Assigned task: Copy the data below exactly, omitting any picture it contains.

Raw data:
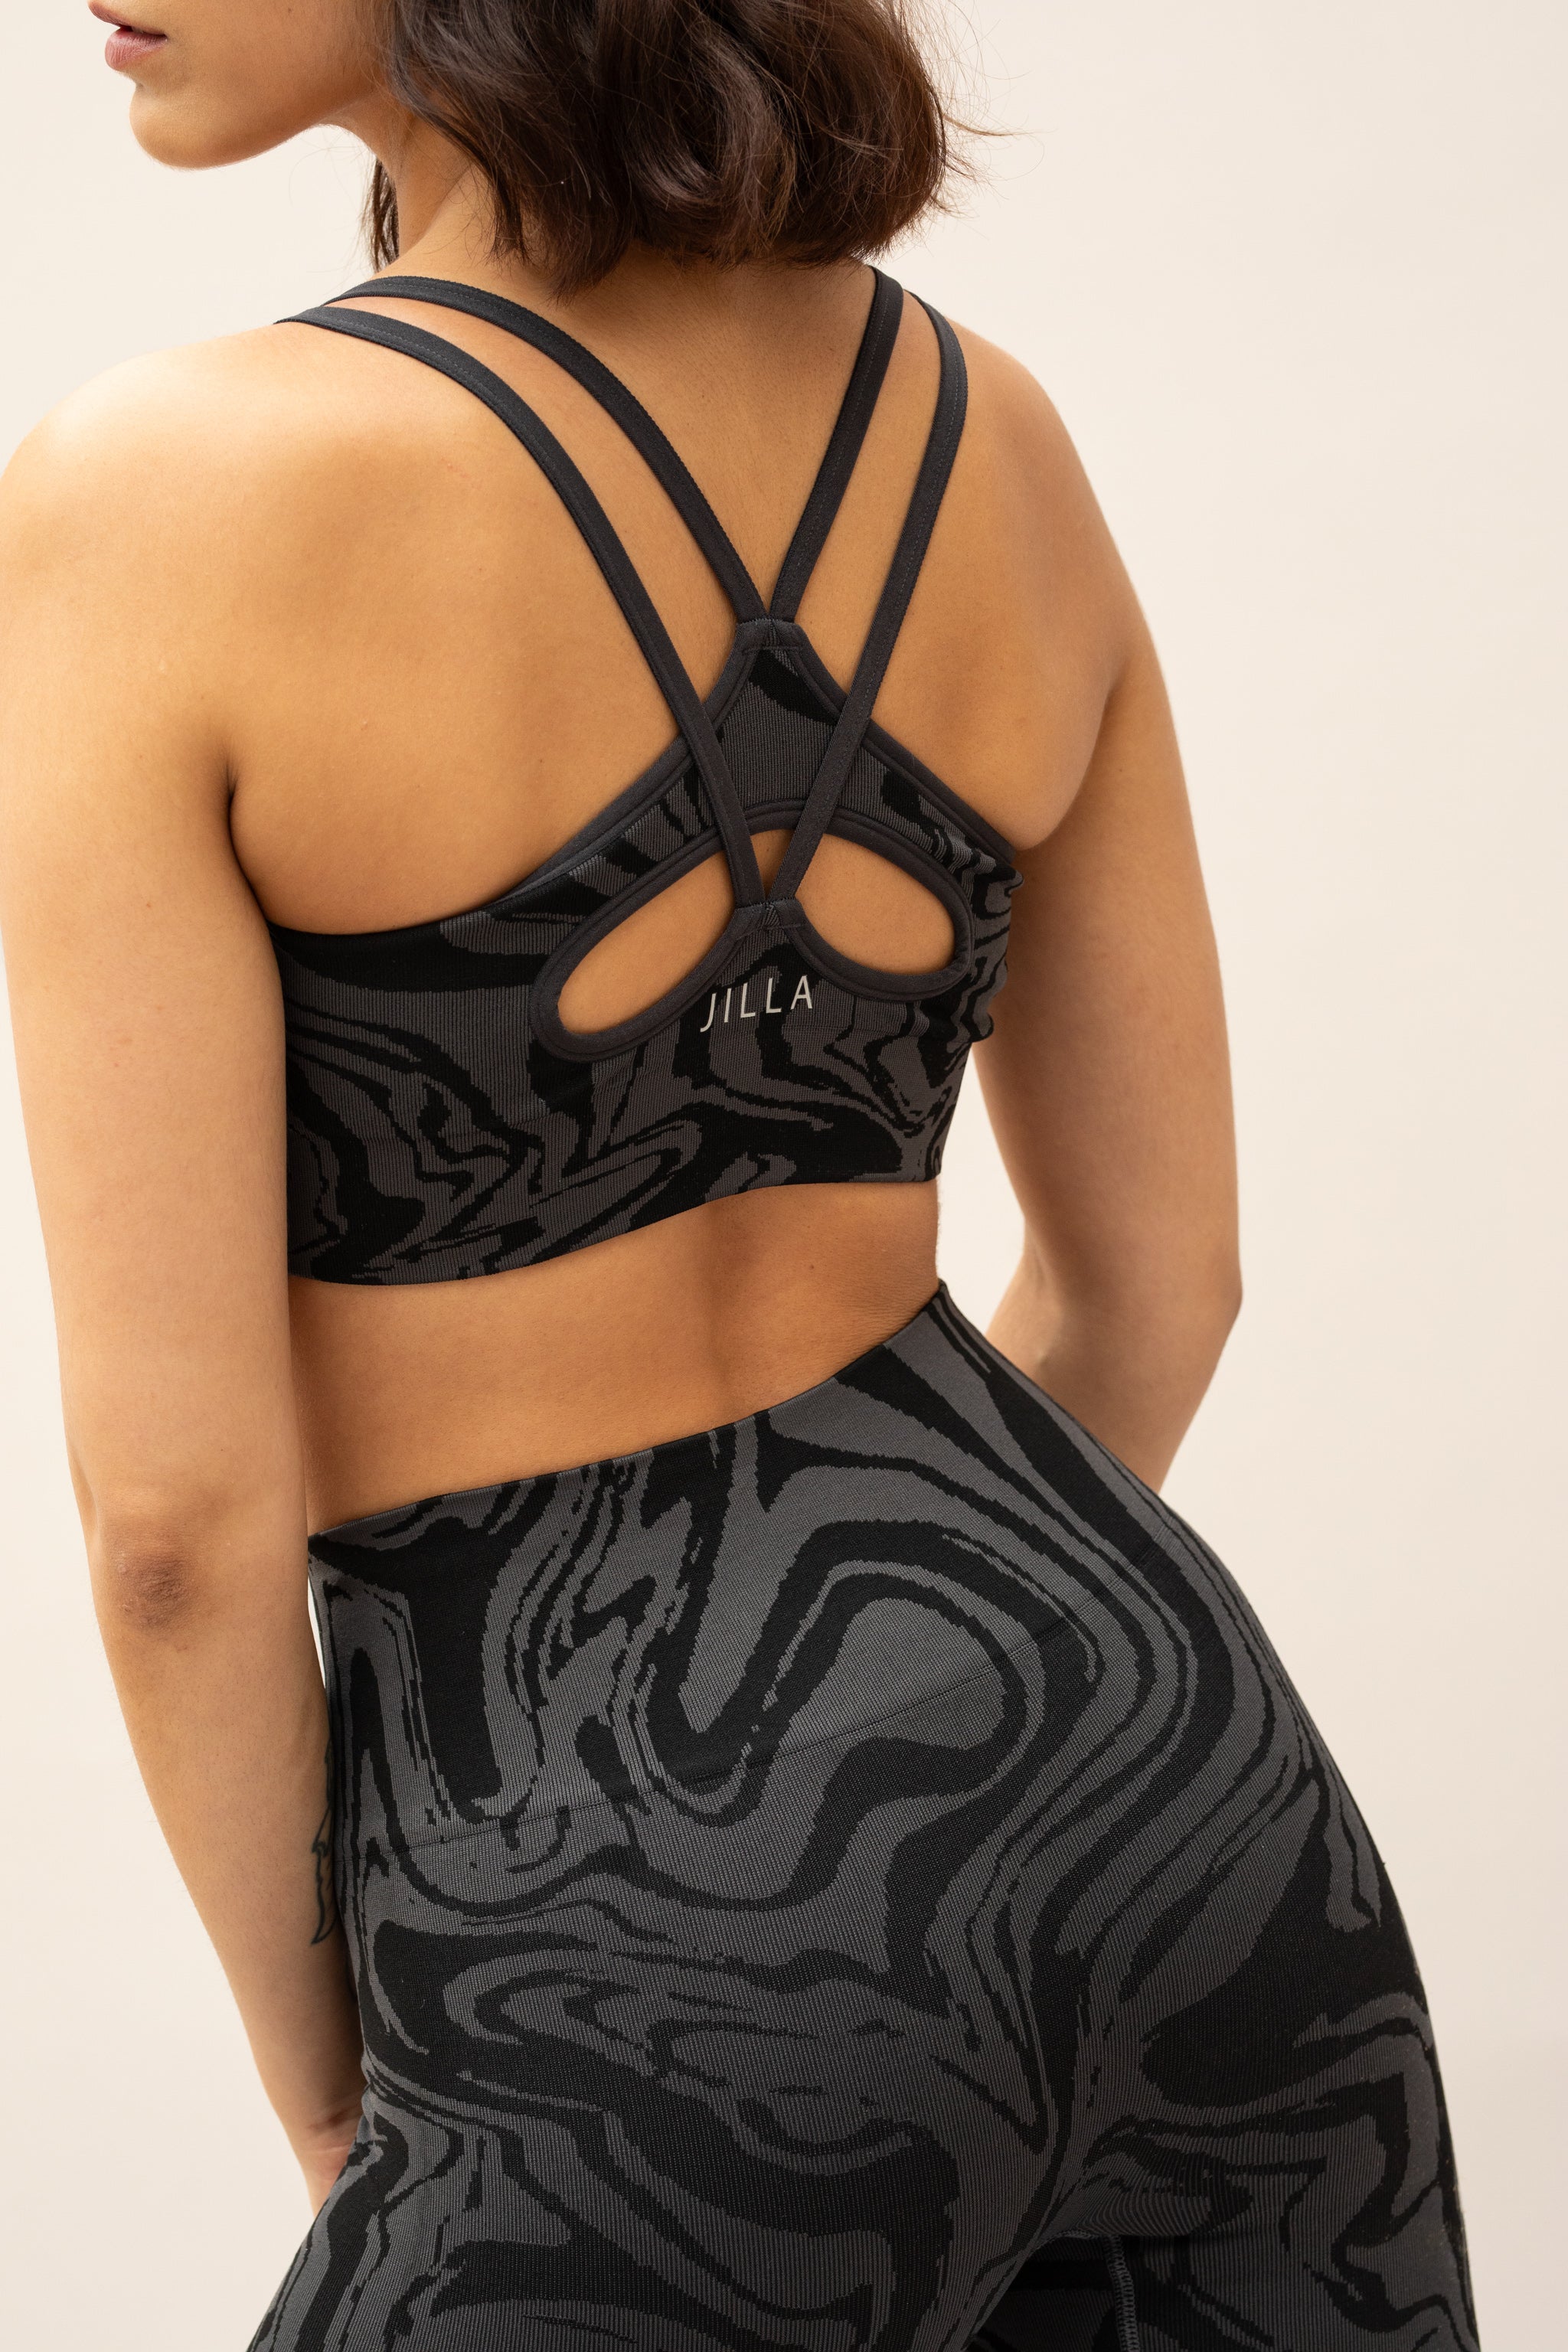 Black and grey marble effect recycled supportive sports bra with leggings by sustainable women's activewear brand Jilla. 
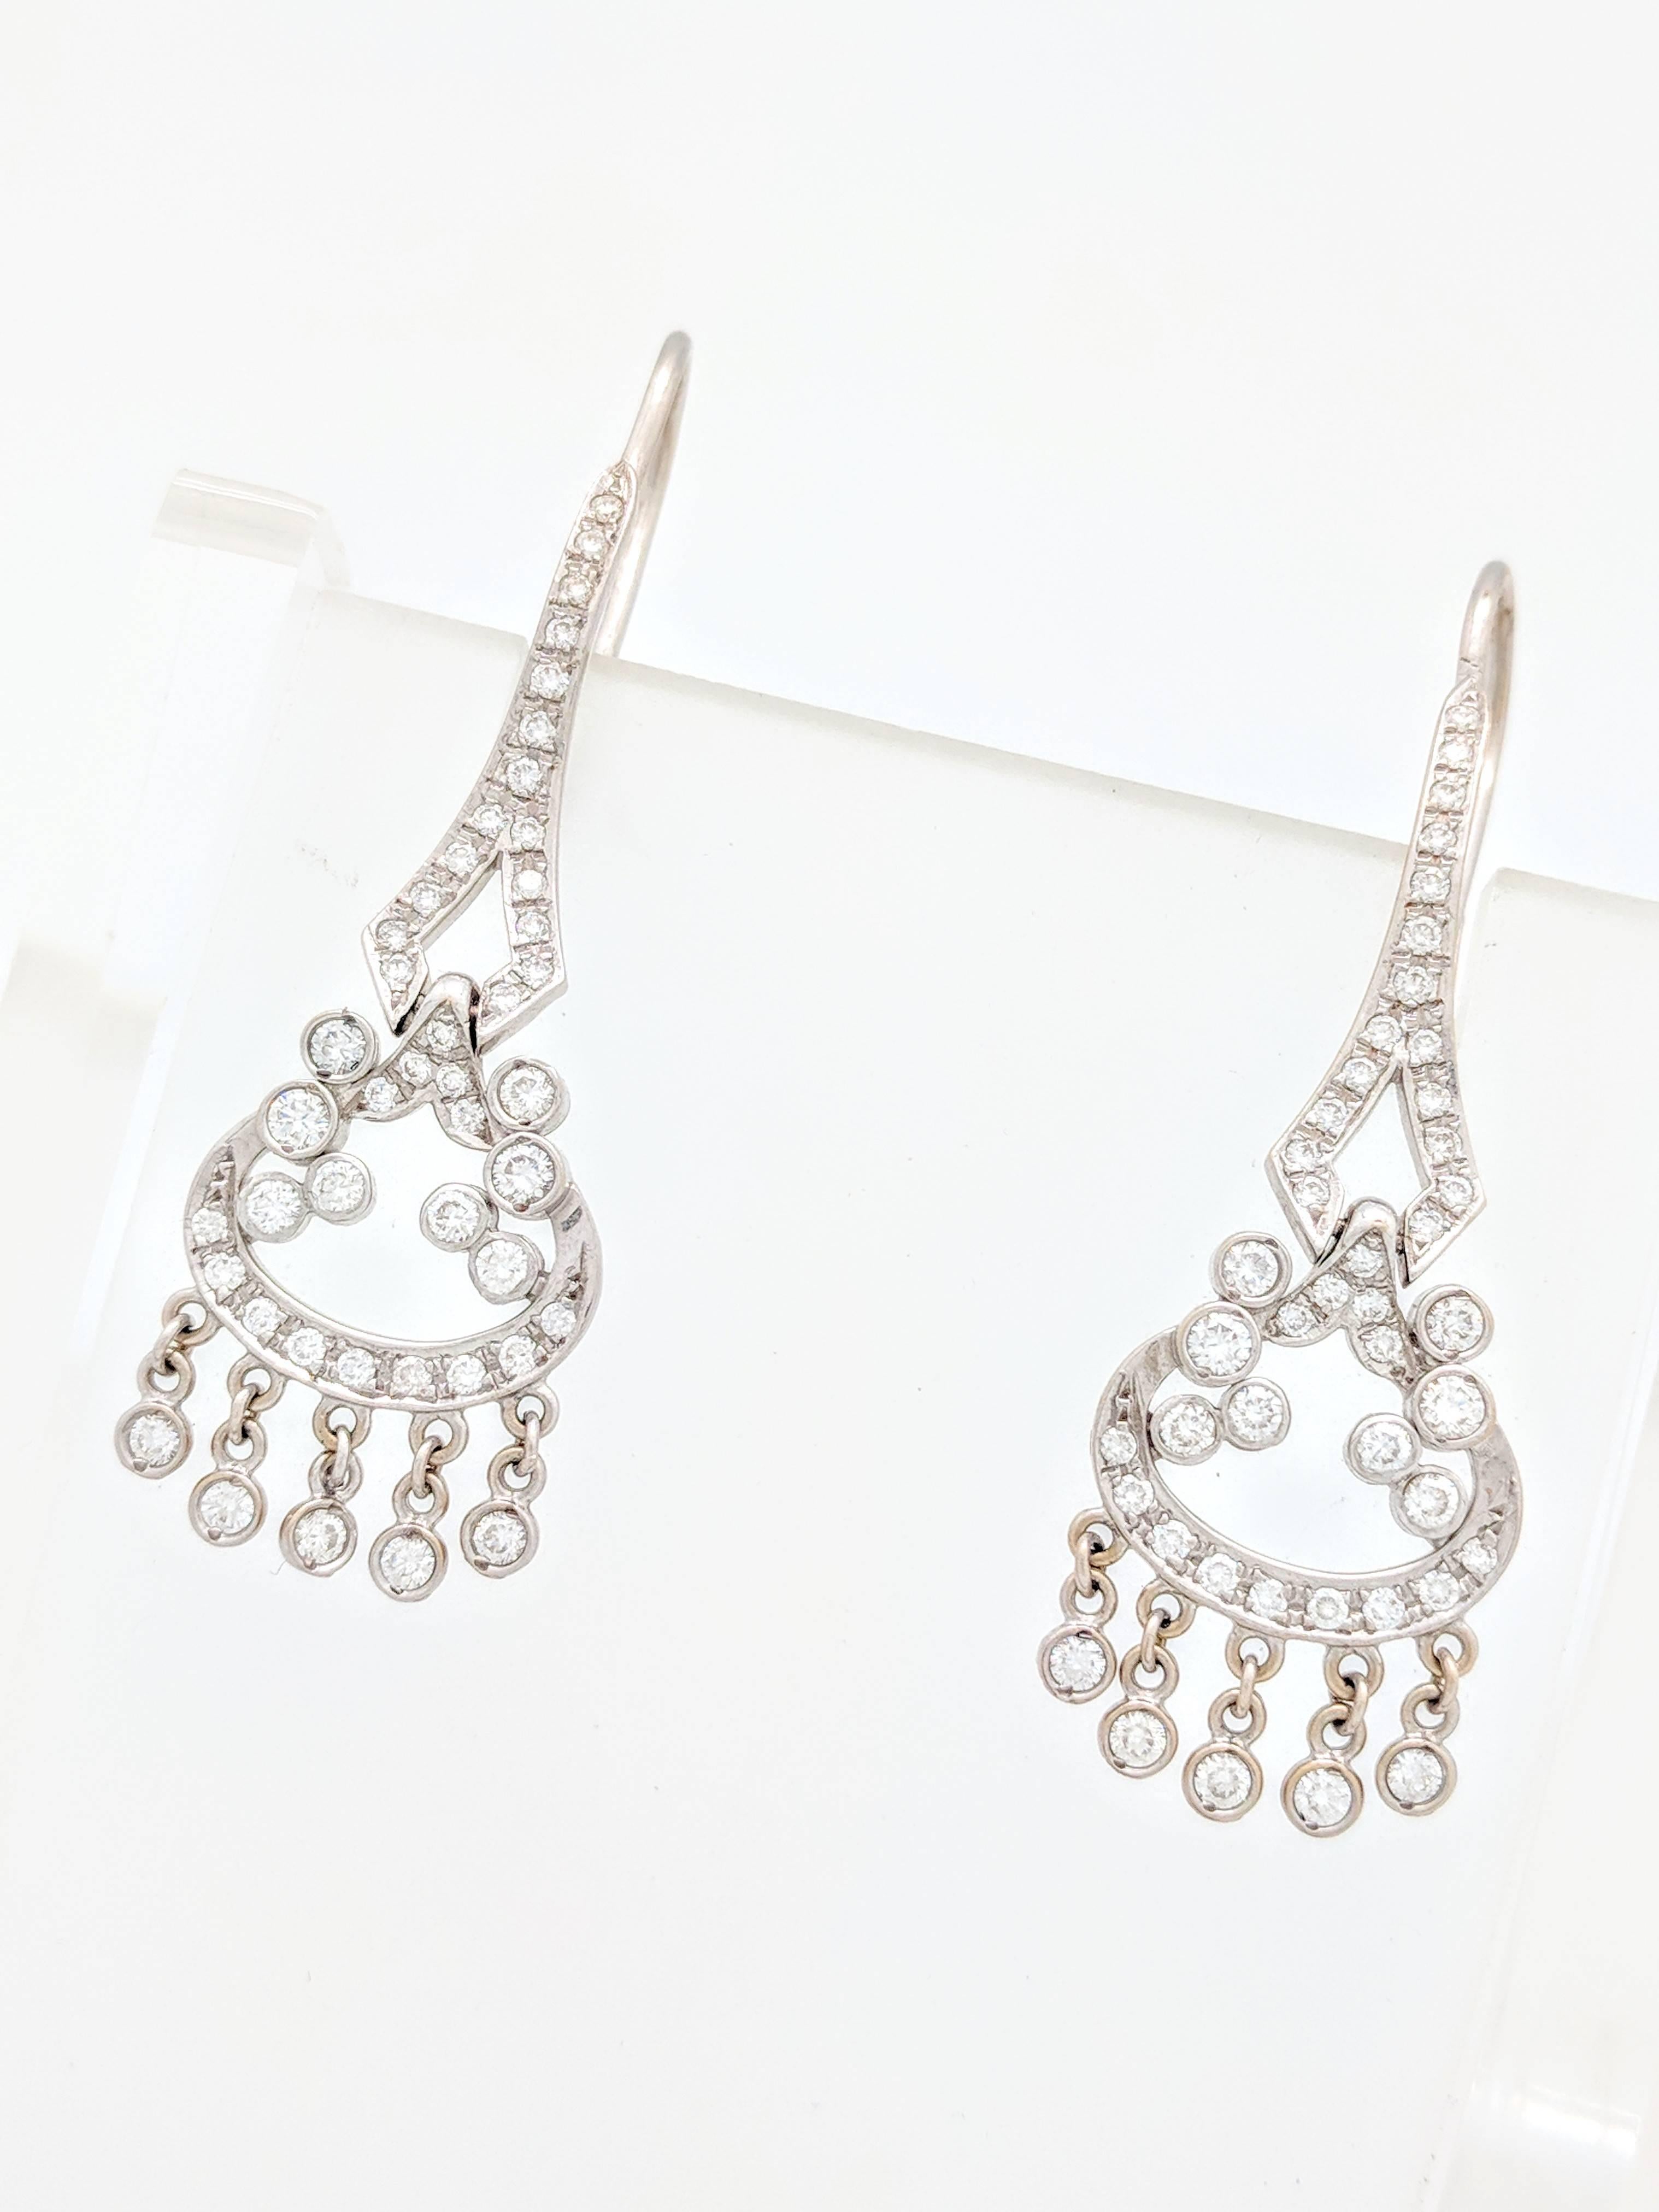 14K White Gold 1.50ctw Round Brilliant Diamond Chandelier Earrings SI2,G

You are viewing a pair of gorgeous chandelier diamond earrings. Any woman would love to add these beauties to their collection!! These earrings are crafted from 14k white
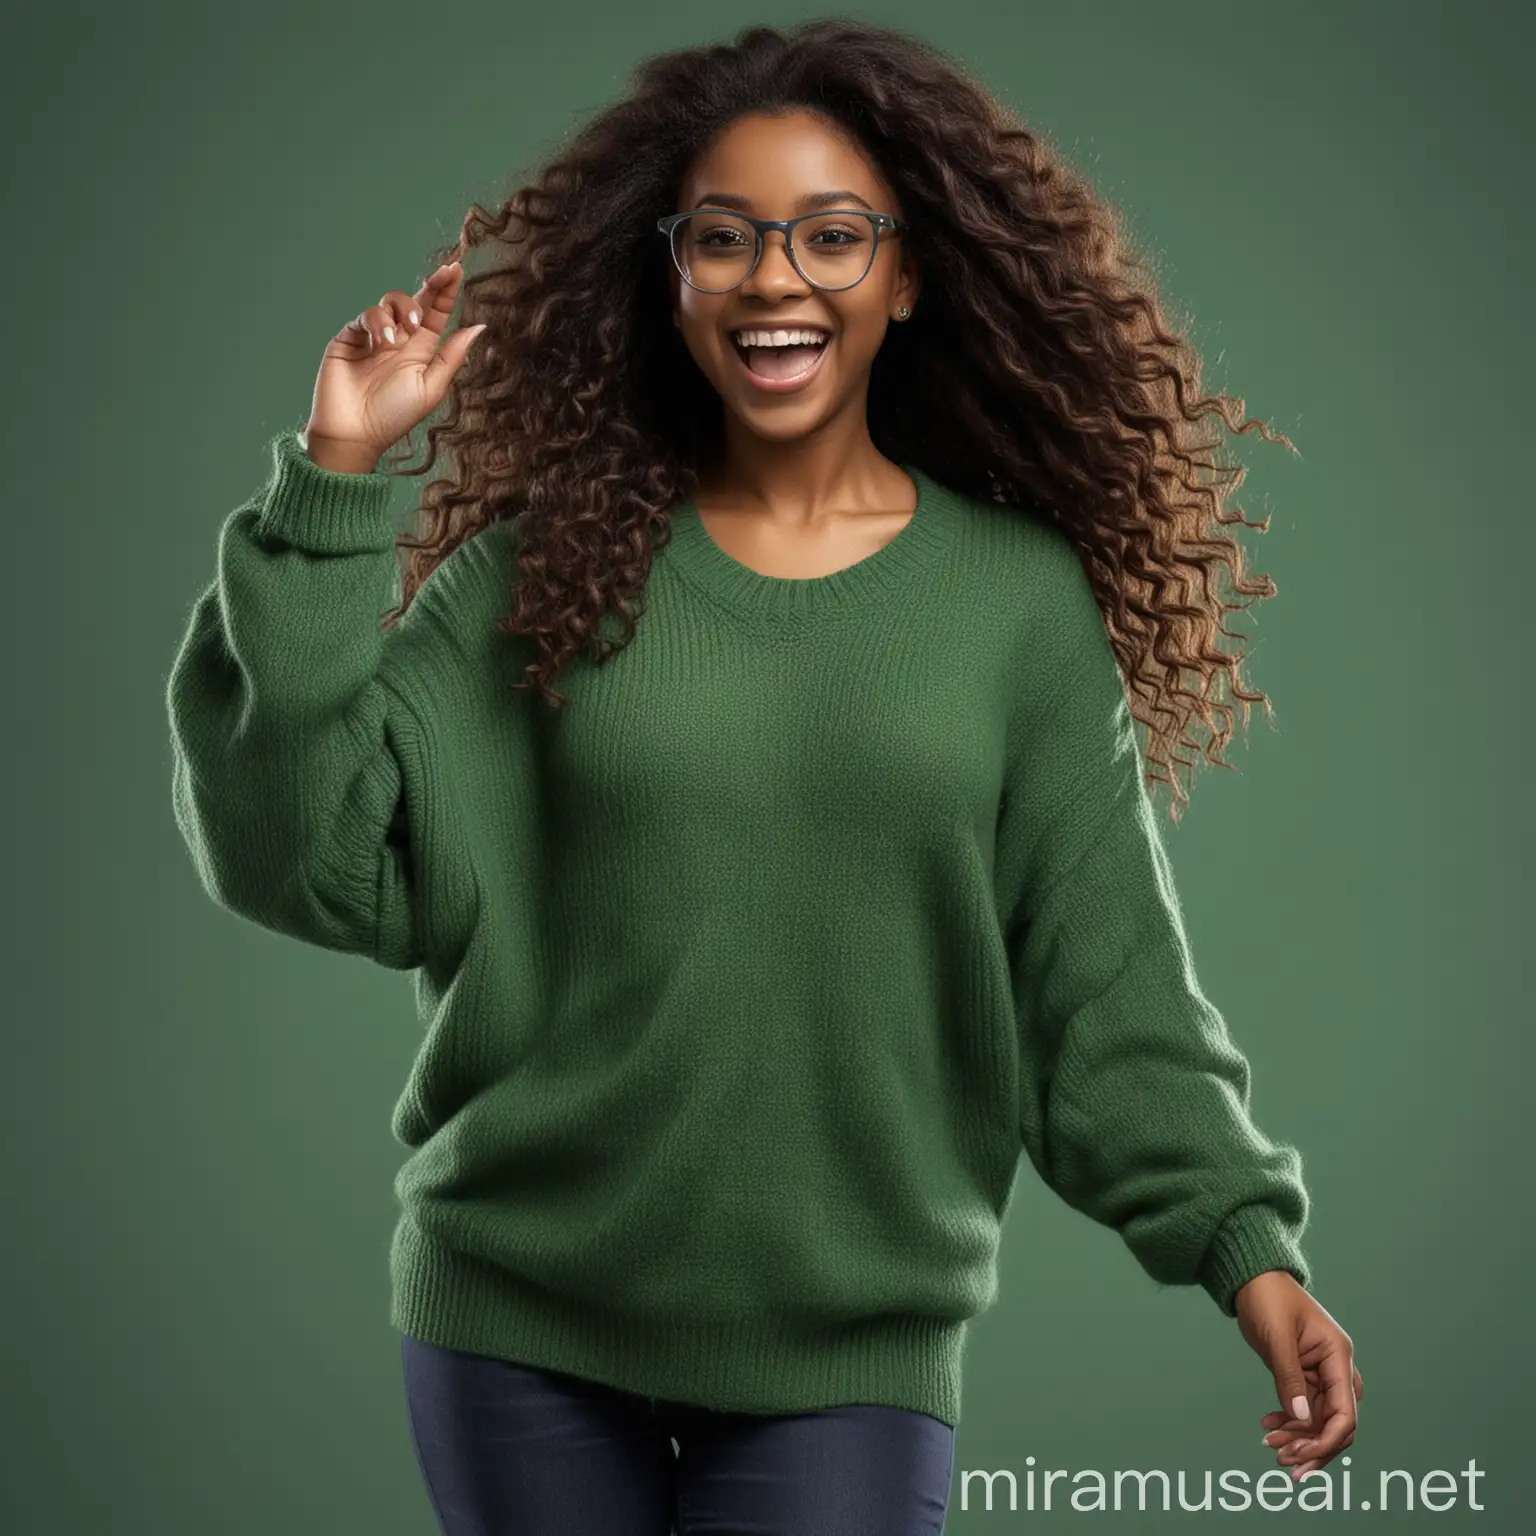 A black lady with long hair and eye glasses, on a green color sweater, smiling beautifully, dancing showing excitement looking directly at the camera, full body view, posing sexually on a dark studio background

Task result:
 Black and grey marble effect recycled supportive sports bra with leggings by sustainable women's activewear brand Jilla. 
 14K White Gold 1.50ctw Round Brilliant Diamond Chandelier Earrings SI2,G

You are viewing a pair of gorgeous chandelier diamond earrings. Any woman would love to add these beauties to their collection!! These earrings are crafted from 14k white
 A black lady with long hair and eye glasses, on a green color sweater, smiling beautifully, dancing showing excitement looking directly at the camera, full body view, posing sexually on a dark studio background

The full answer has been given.